Summer waned. Already the beech-wood began to turn red, and the little yellow autumn flowers to show themselves all over the common, while in the midst of them looked up the large purple eye of the ground-thistle. The mornings grew hazy and dewy. We ceased to take Muriel out with us in our slow walk along John’s favourite “terrace” before any one else was stirring. Her father at first missed her sorely, but always kept repeating that “early walks were not good for children.” At last he gave up the walk altogether, and used to sit with her on his knee in front of the cottage till breakfast-time.
After that, saying with a kind of jealousy “that every one of us had more of his little daughter than he,” he got into a habit of fetching her down to the mill every day at noon, and carrying her about in his arms, wherever he went, during the rest of his work.
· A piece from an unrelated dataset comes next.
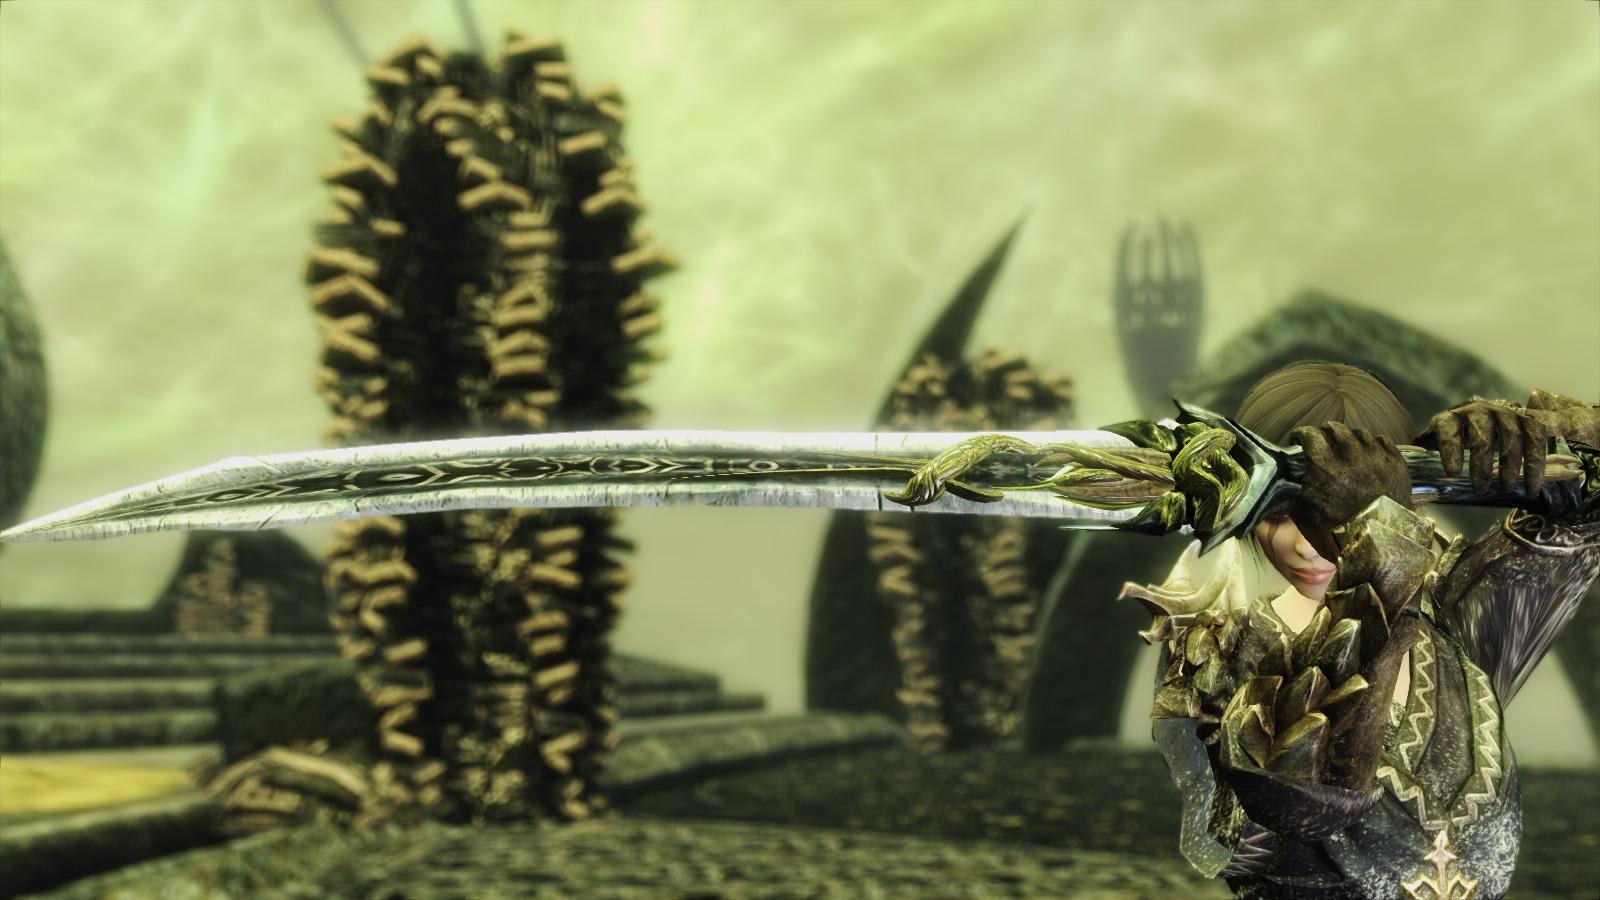 Aevrigheim - Miraak's Sword and Staff Replacer. ☆. 武 器.

Many a time I have seen the rough, coarse, blue-handed, blue-pinafored women of the mill stop and look wistfully after “master and little blind miss.” I often think that the quiet way in which the Enderley mill people took the introduction of machinery, and the peaceableness with which they watched for weeks the setting up of the steam-engine, was partly owing to their strong impression of Mr. Halifax’s goodness as a father, and the vague, almost superstitious interest which attached to the pale, sweet face of Muriel.
Enderley was growing dreary, and we began to anticipate the cosy fireside of Longfield.
“The children will all go home looking better than they came; do you not think so, Uncle Phineas?—especially Muriel?”
To that sentence I had to answer with a vague assent; after which I was fain to rise and walk away, thinking how blind love was—all love save mine, which had a gift for seeing the saddest side of things.
When I came back, I found the mother and daughter talking mysteriously apart. I guessed what it was about, for I had overheard Ursula saying they had better tell the child—it would be “something for her to look forward to—something to amuse her next winter.”
“It is a great secret, mind,” the mother whispered, after its communication.
“Oh, yes!” The tiny face, smaller than ever, I thought, flushed brightly. “But I would much rather have a little sister, if you please. Only”—and the child suddenly grew earnest—“will she be like me?”
“Possibly; sisters often are alike.”
“No, I don’t mean that; but—you know?” And Muriel touched her own eyes.
“I cannot tell, my daughter. In all things else, pray God she may be like you, Muriel, my darling—my child of peace!” said Ursula, embracing her with tears.
After this confidence, of which Muriel was very proud, and only condescended, upon gaining express permission, to reconfide it to me, she talked incessantly of the sister that was coming, until “little Maud”—the name she chose for her—became an absolute entity in the household.
The dignity and glory of being sole depositary of this momentous fact, seemed for a time to put new life—bright human life—into this little maid of eleven years old. She grew quite womanly, as it were; tried to help her mother in a thousand little ways, and especially by her own solitary branch of feminine industry—poor darling! She set on a pair of the daintiest elfin socks that ever were knitted. I found them, years after—one finished, one with the needles (all rusty) stuck through the fine worsted ball, just as the child had laid it out of her hand. Ah, Muriel, Muriel!
The father took great delight in this change, in her resuming her simple work, and going about constantly with her mother.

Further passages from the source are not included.